The Bravado of Artificial Intelligence
By Jon and Matt Schreibfeder
Companies need good software to manage their operations. Organizations can choose from literally hundreds of enterprise resource planning (ERP) systems. Each of these software packages has a unique set of capabilities and features. It is a daunting task to choose the best solution for a particular business.
Software companies’ unrealistic claims complicate this decision. Today we visited a web site for a new AI based system that claimed if you used their “cutting-edge” technology, you would “Never Stock Out” and “Never Overstock”. Do they really feel that their proprietary algorithms will be able to predict and compensate for every future supply-chain disruption, or change in your customers’ buying habits? They must believe their system has “perfect knowledge” because they claim to provide 100% accurate forecasts of future demand of products.
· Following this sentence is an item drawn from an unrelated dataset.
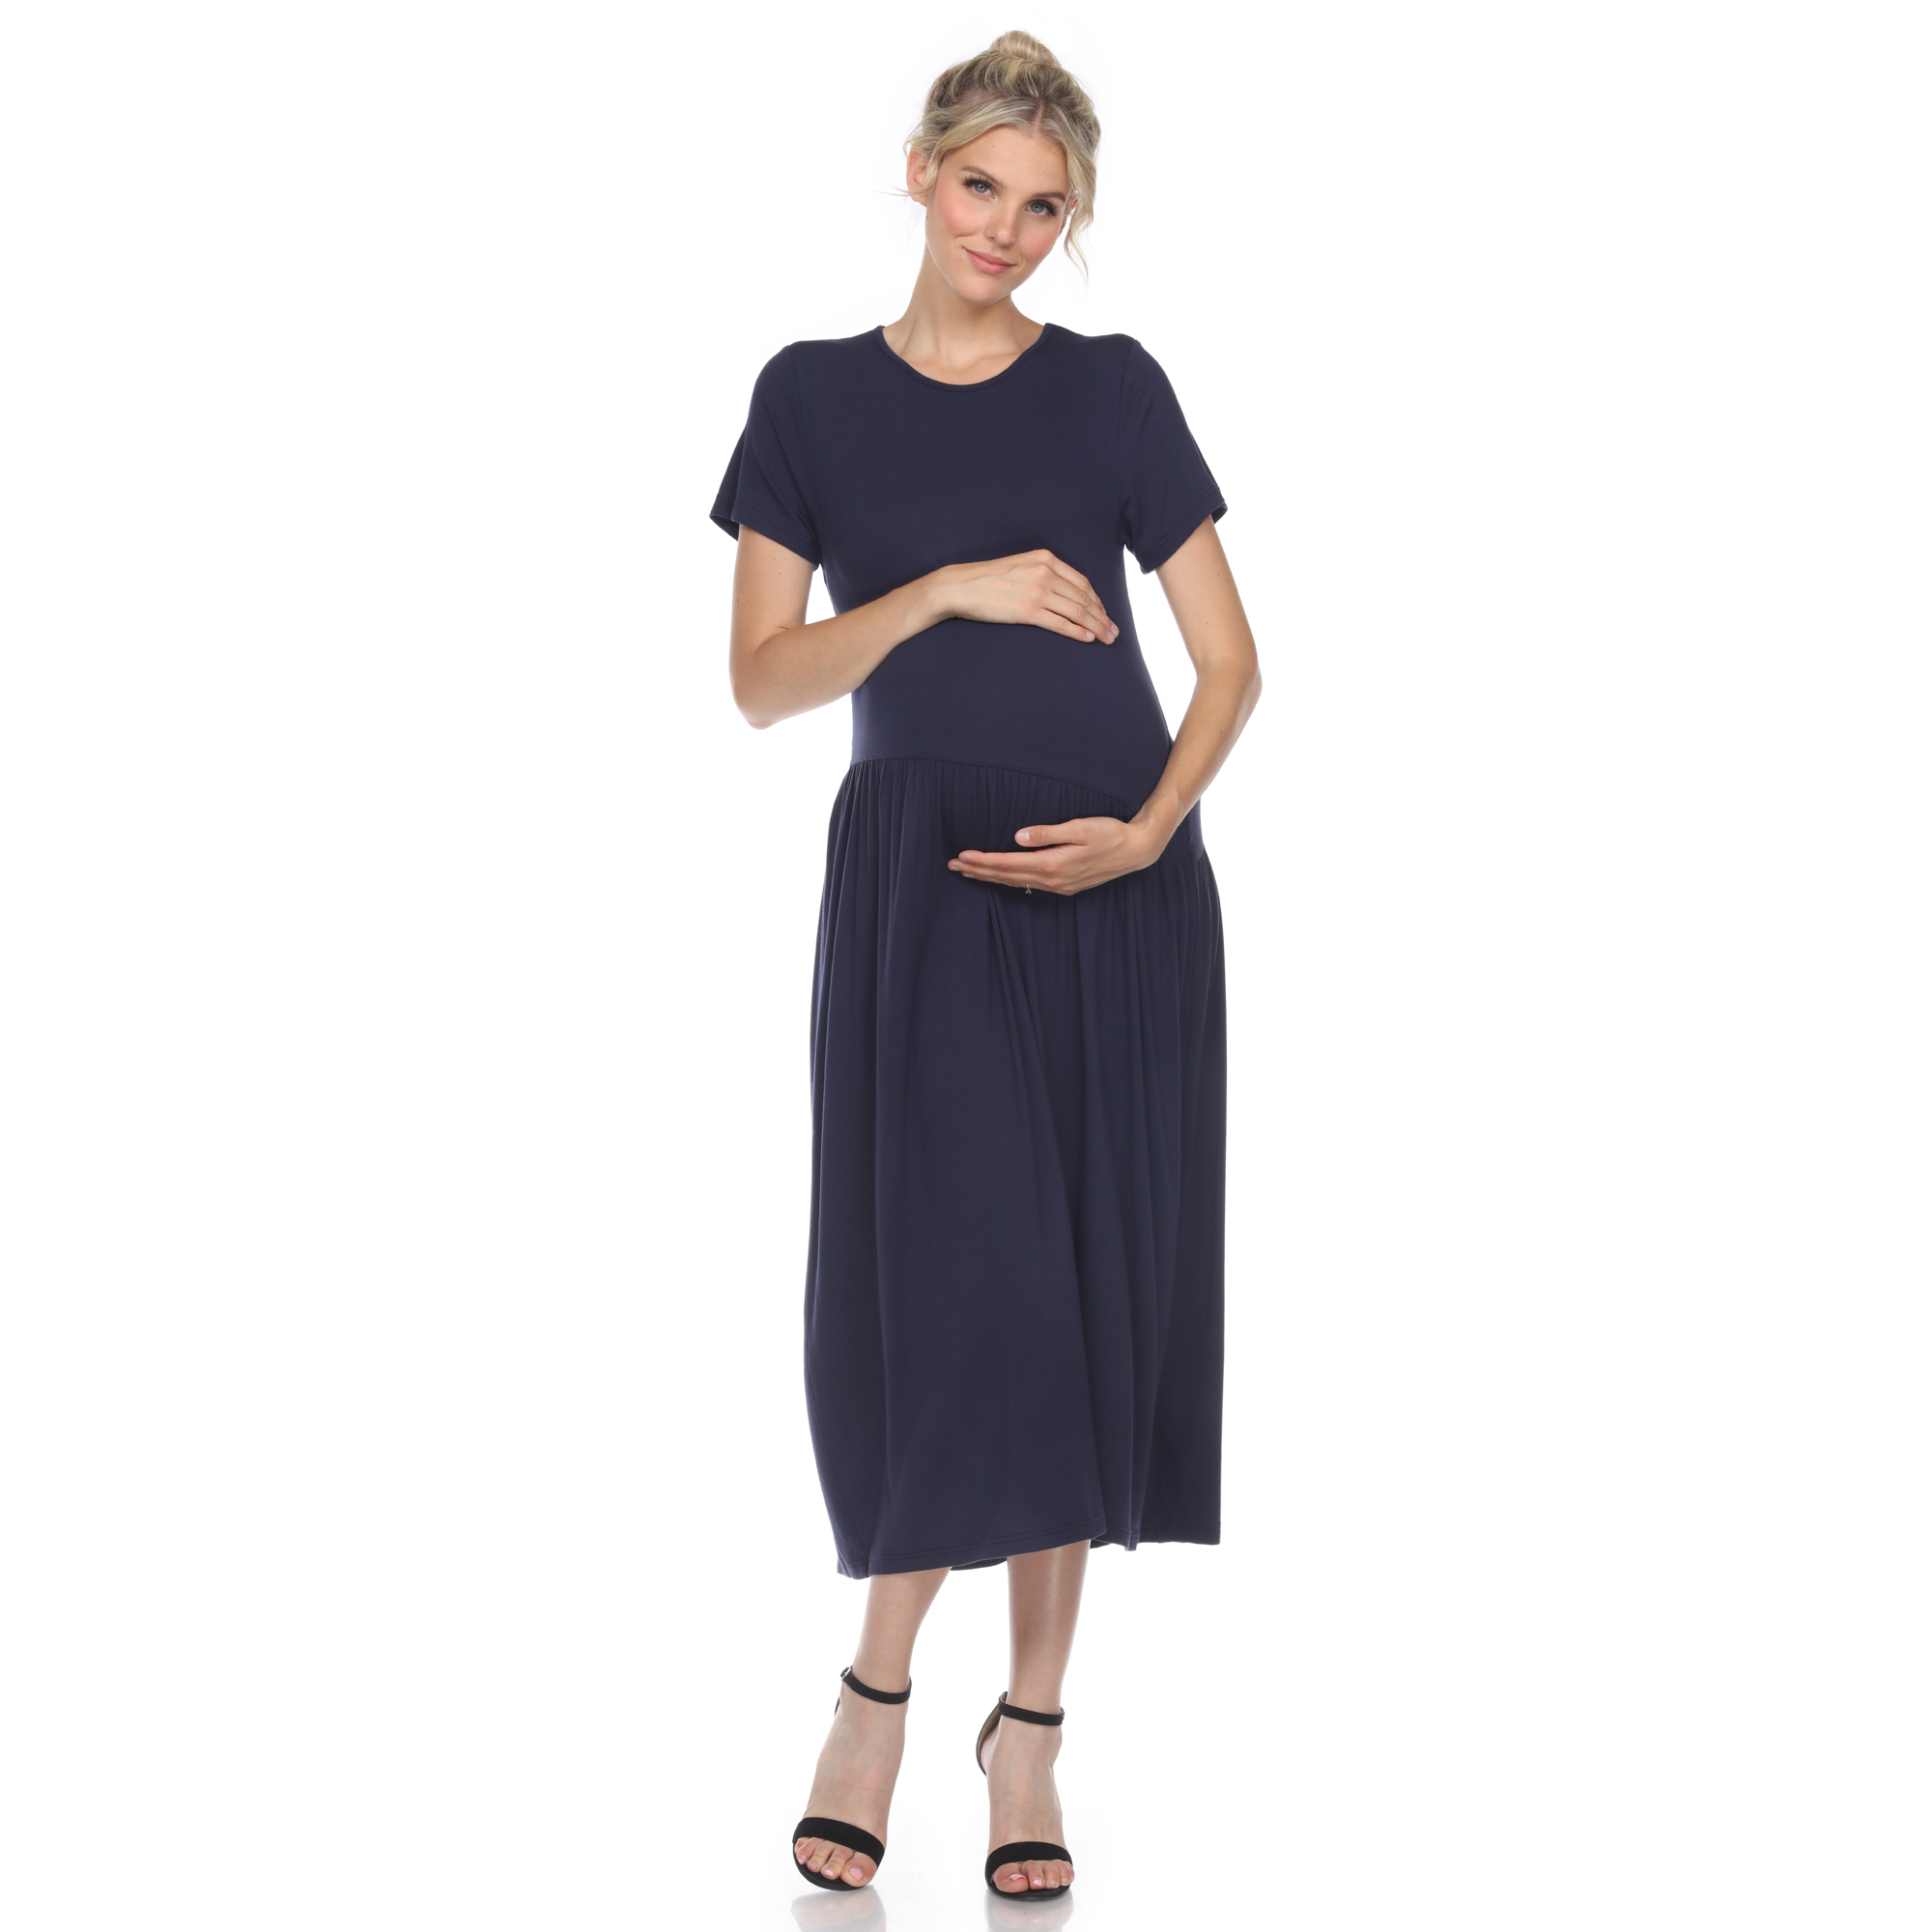 White Mark Womenâs Maternity Short Sleeve Maxi Dress - Navy, Small

However, in their discussion of safety stock they vary service level targets based on an individual product’s rank:
Product Rank Service Level Target
A 95%
B 90% C 85%
D 80%
Remember that the definition of service level is the percentage of customer product requests that can be completely filled from stock inventory. How could they promise that you would “never stock out” yet only plan to totally fill eight of 10 (i.e., 80%) of product requests for “D” ranked items? And, if their forecasts were 100% accurate why would they need any safety stock (which provides protection against stockouts) at all? It is obvious that this software company is making both unrealistic and contradictory claims concerning their system’s potential for improving inventory performance.
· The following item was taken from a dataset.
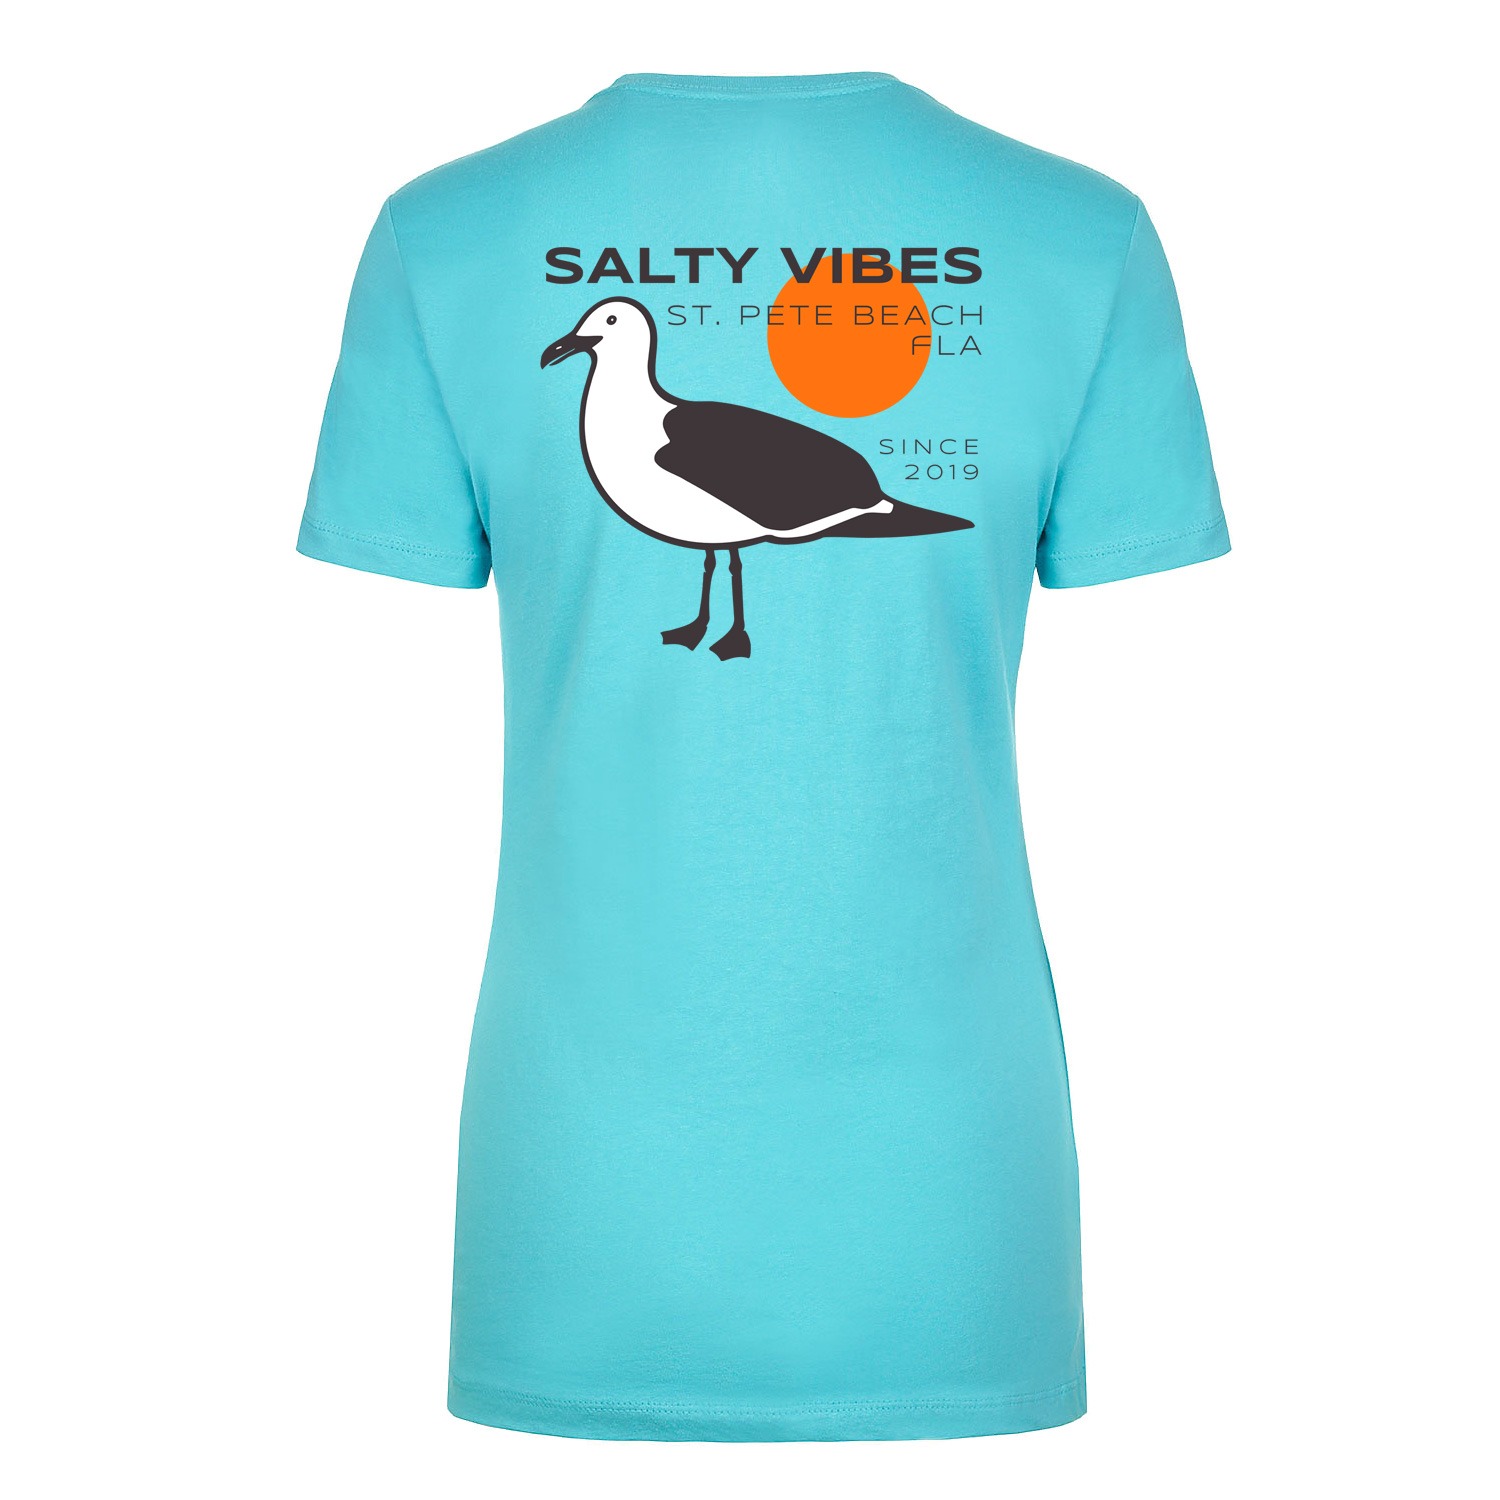 Salty Vibes Sea Gull Women's Fitted T-Shirt - Tahiti Blue, 2XL

Artificial Intelligence (AI) can be utilized to predict the future based on available data from a variety of sources which it can access. But it cannot perform miracles such as preventing all stockouts. And it cannot consider information it doesn’t have access to such as whether you will experience unusually high demand for a product due to an unforeseen circumstance. Or demand for another item will dramatically decrease due to a customer changing suppliers. Best practice forecasting is achieved by combining a comprehensive analysis of available data with market knowledge.
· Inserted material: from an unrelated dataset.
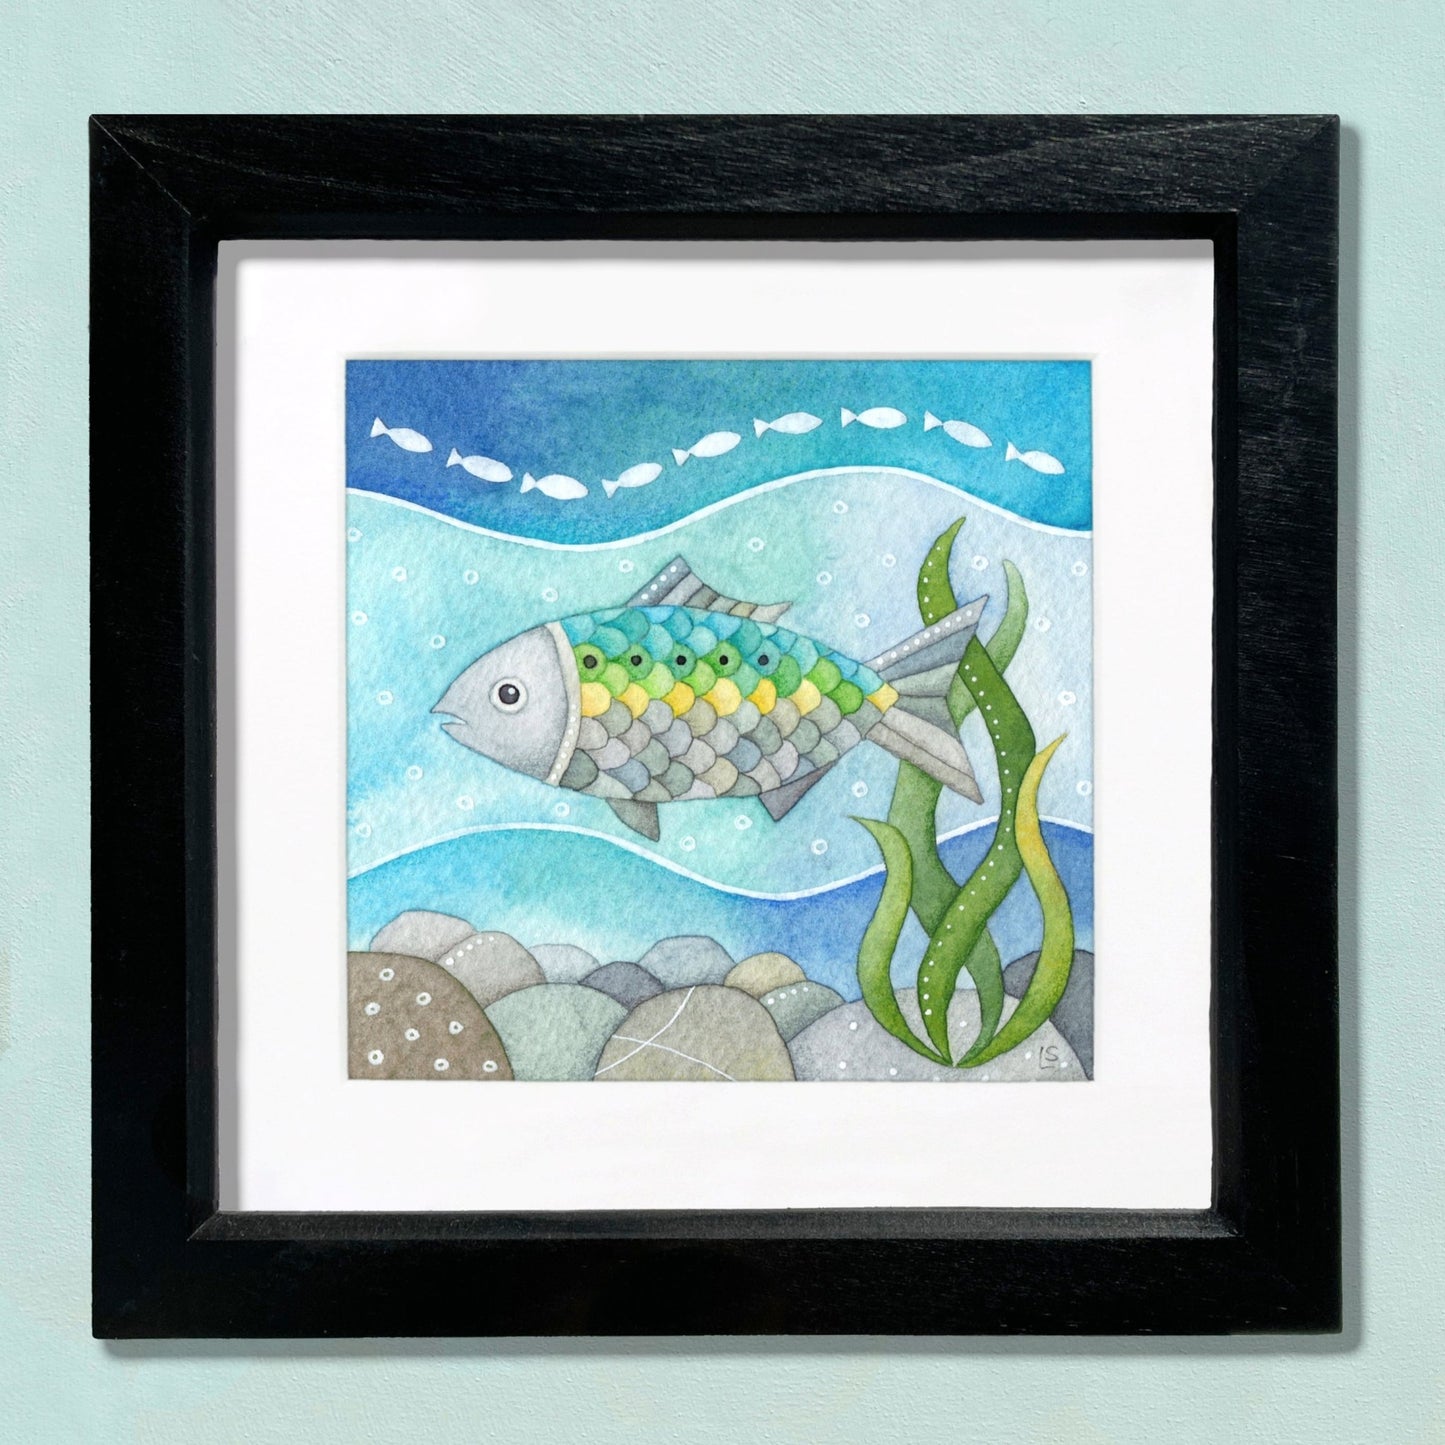 Underwater Fish Print - Seaside Watercolour Painting - Twait Shad Signed Art - East Neuk Beach Crafts

This market knowledge is acquired from salespeople, customers, vendors and other sources. This information must be examined, evaluated, and selectively applied to produce the most accurate forecast possible. It is possible for an AI system to “learn” from the results of this collaborative information. But the sources are too numerous and vary in accuracy as well as format to completely automate this task. Experienced buyers and inventory planners are necessary to evaluate market knowledge and selectively apply it to predictions of future demand. And no matter how much technology and human effort is utilized in managing inventory, predictions will never be perfect. In order to consistently meet customers’ expectations of product availability, you will always need some safety stock. That is, “insurance inventory” to prevent stockouts due to unexpected demand or delays in receiving a replenishment shipment.
Forecasting and replenishment systems that utilize AI will help your organization improve inventory performance. But to achieve success, these systems must be supplemented with knowledge acquired from employees and the marketplace. Beware of consultants, software companies and others who state that their technological solution can provide “inventory perfection” in a matter of weeks, without the help of knowledgeable human beings.